Is this not a substance-over-form issue?

Per an article in the The Tax Adviser (https://www.thetaxadviser.com/issues/20 ... ruals.html -- I know, not authoritative), please note:

...a cash-basis taxpayer cannot use the recurring-item exception and is therefore only able to deduct FICA, FUTA, and state unemployment taxes in the year paid.

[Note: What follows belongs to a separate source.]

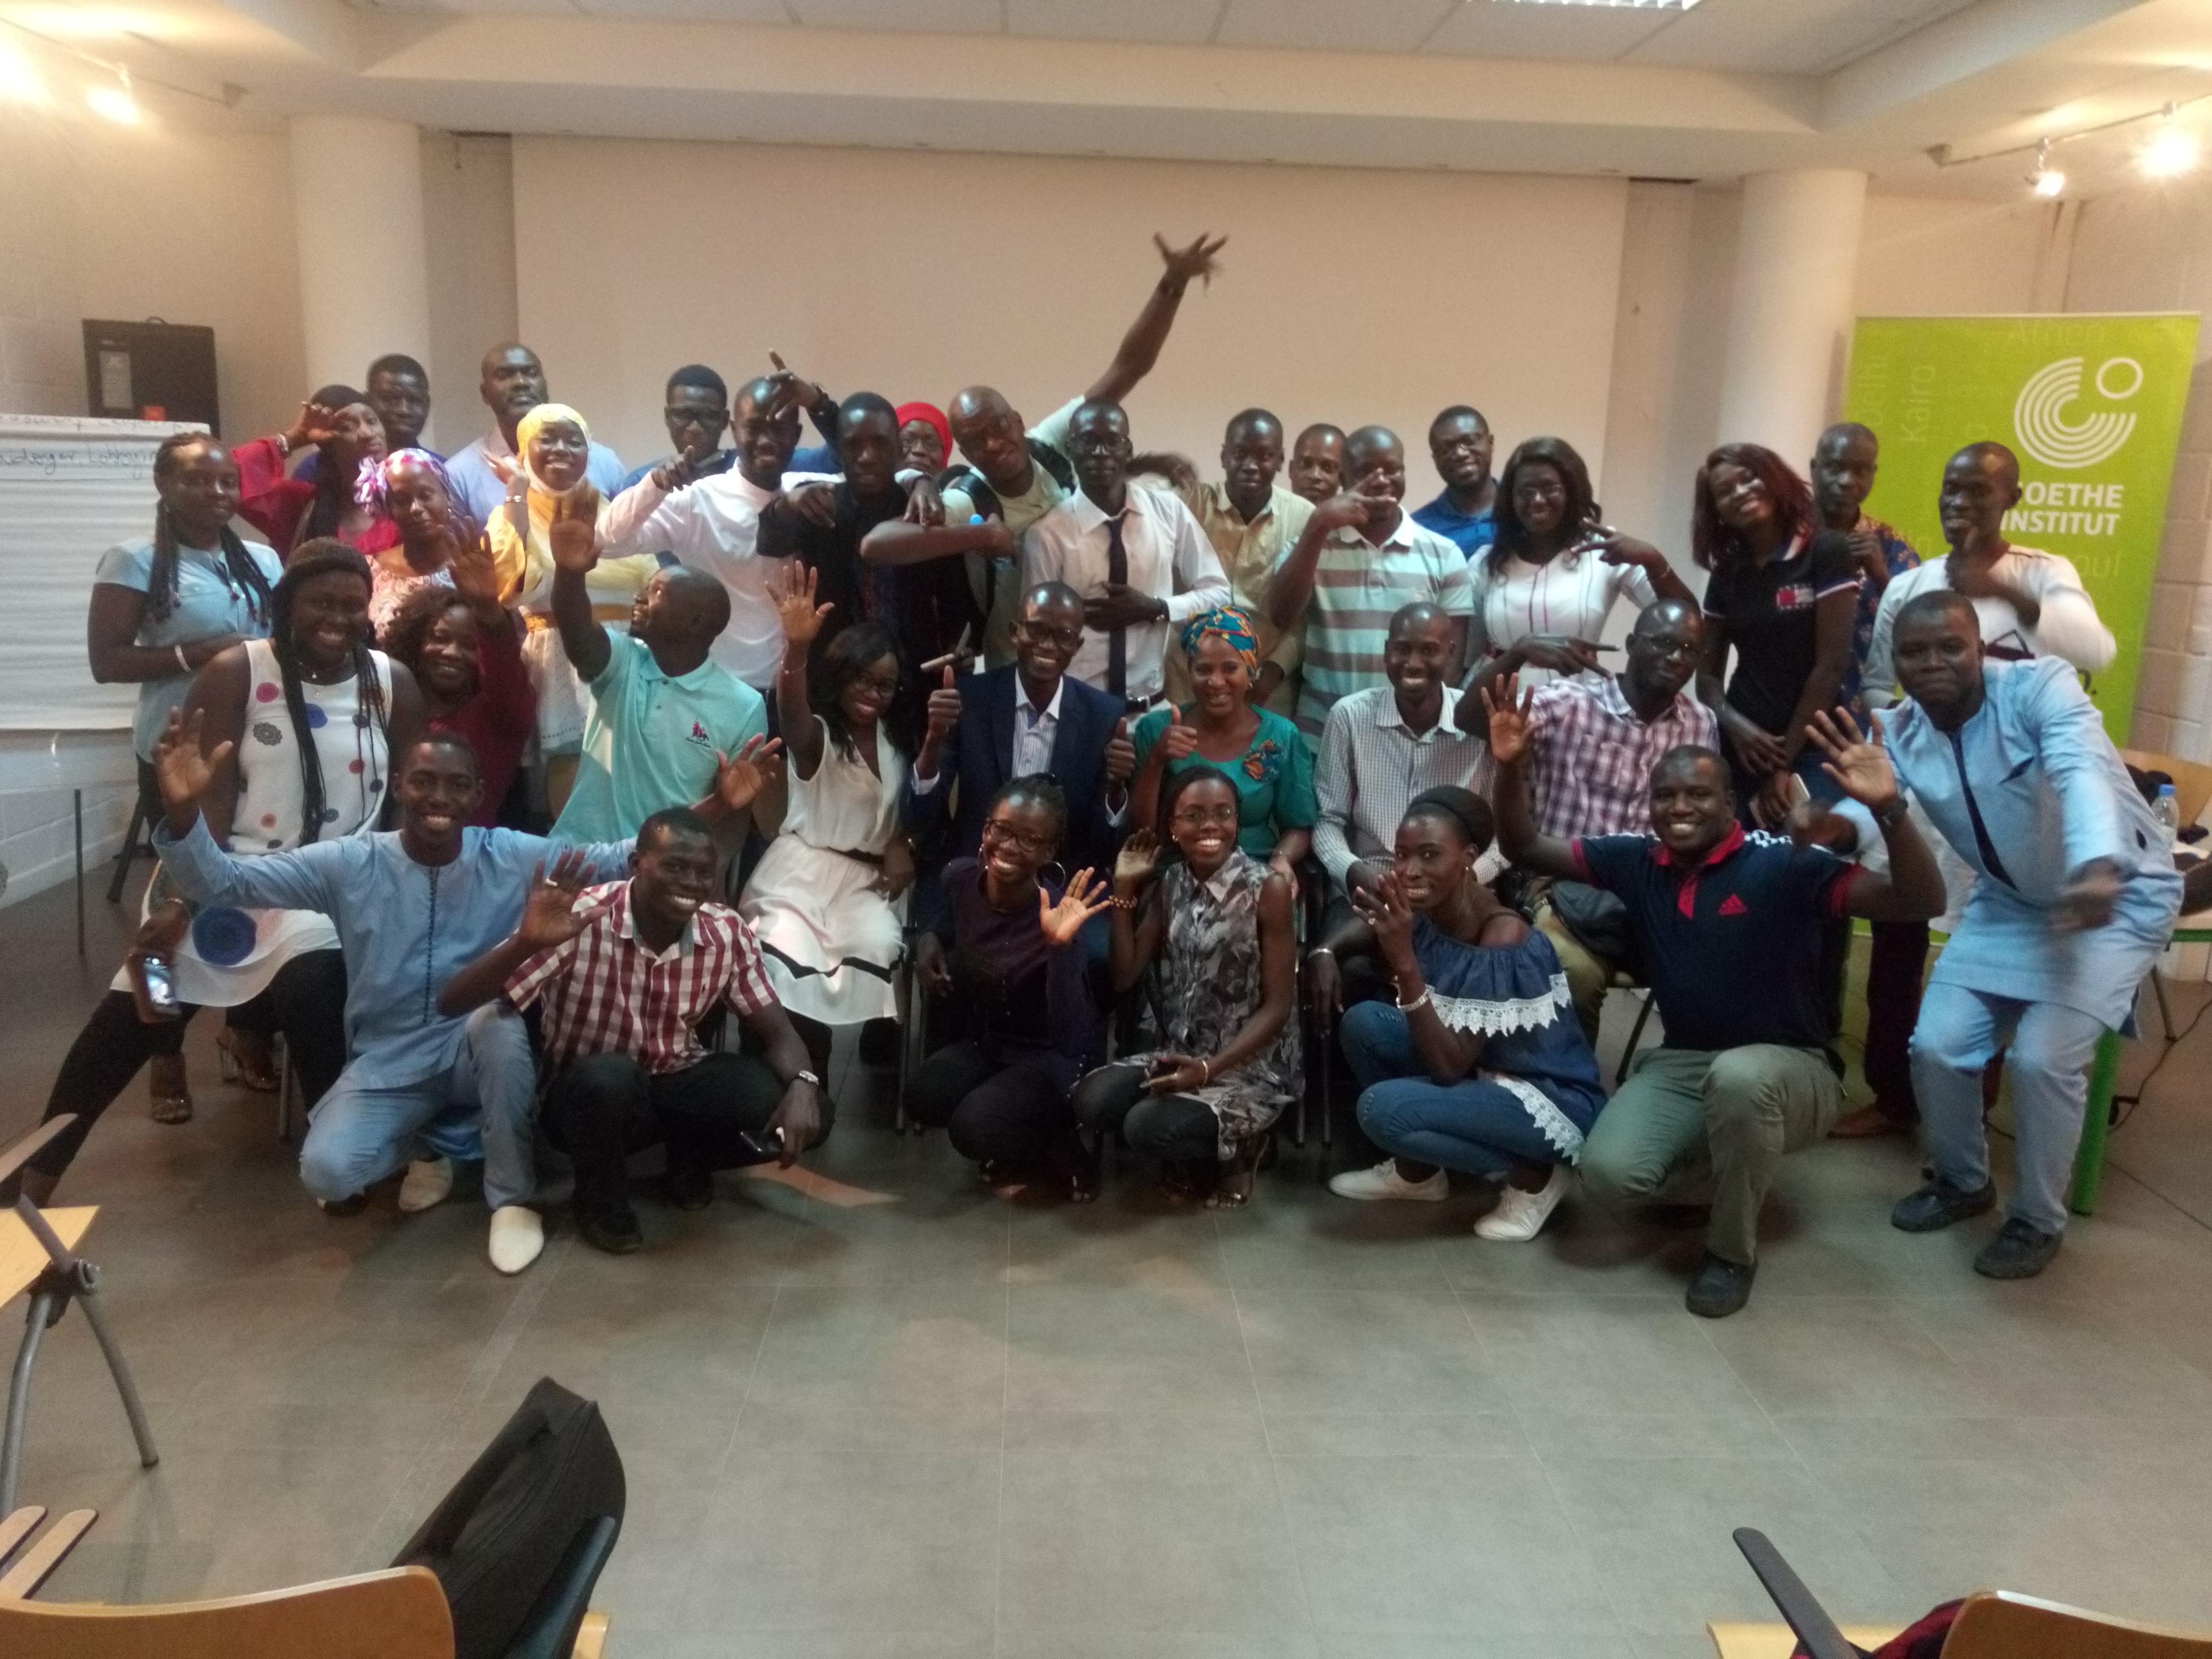 archiviste, Archivistes et Documentalistes, asbad, Association Sénégalaise des Bibliothécaires, bibliothécaires, formation sur les réseaux sociaux, professionnels de l'information documentaire, Réseaux sociaux, utilisation des réseaux sociaux

Furthermore, this issue was covered in another post (viewtopic.php?f=8&t=10099) in which Coddington quoted the following from the Tax Court:

We now turn to the third issue, which concerns the deductibility of the FUTA taxes and of the employer's portion of the FICA taxes. Secs. 3301, 3111. Petitioner incurred liability for these taxes with respect to wages paid to the employees of his law practice. On Schedule C of their tax returns, petitioners deducted these taxes for the year in which the liability accrued (i.e., the year in which the wages were paid), even though petitioner did not pay the tax until a later year. Petitioners argue that this treatment was proper and was in compliance with section 1.461-1(a)(1) and (3), Income Tax Regs. We disagree. Section 1.461-1(a)(1), Income Tax Regs., provides deductions for depreciation, amortization, depletion, and losses under sections 167, 611, and 165. Nothing in section 1.461-1(a)(3), Income Tax Regs., allows a cash basis taxpayer to deduct a tax before the year of payment. See also Rev. Rul. 74-70, 1974-1 C.B. 116 (for cash basis taxpayers, FICA and FUTA taxes are deductible for the tax year in which they are paid). Accordingly, petitioners may not deduct either the FUTA taxes or petitioner's share of FICA taxes until the year in which he paid such taxes.Tippin v. Commissioner, 104 T.C. 518, 532 (1995)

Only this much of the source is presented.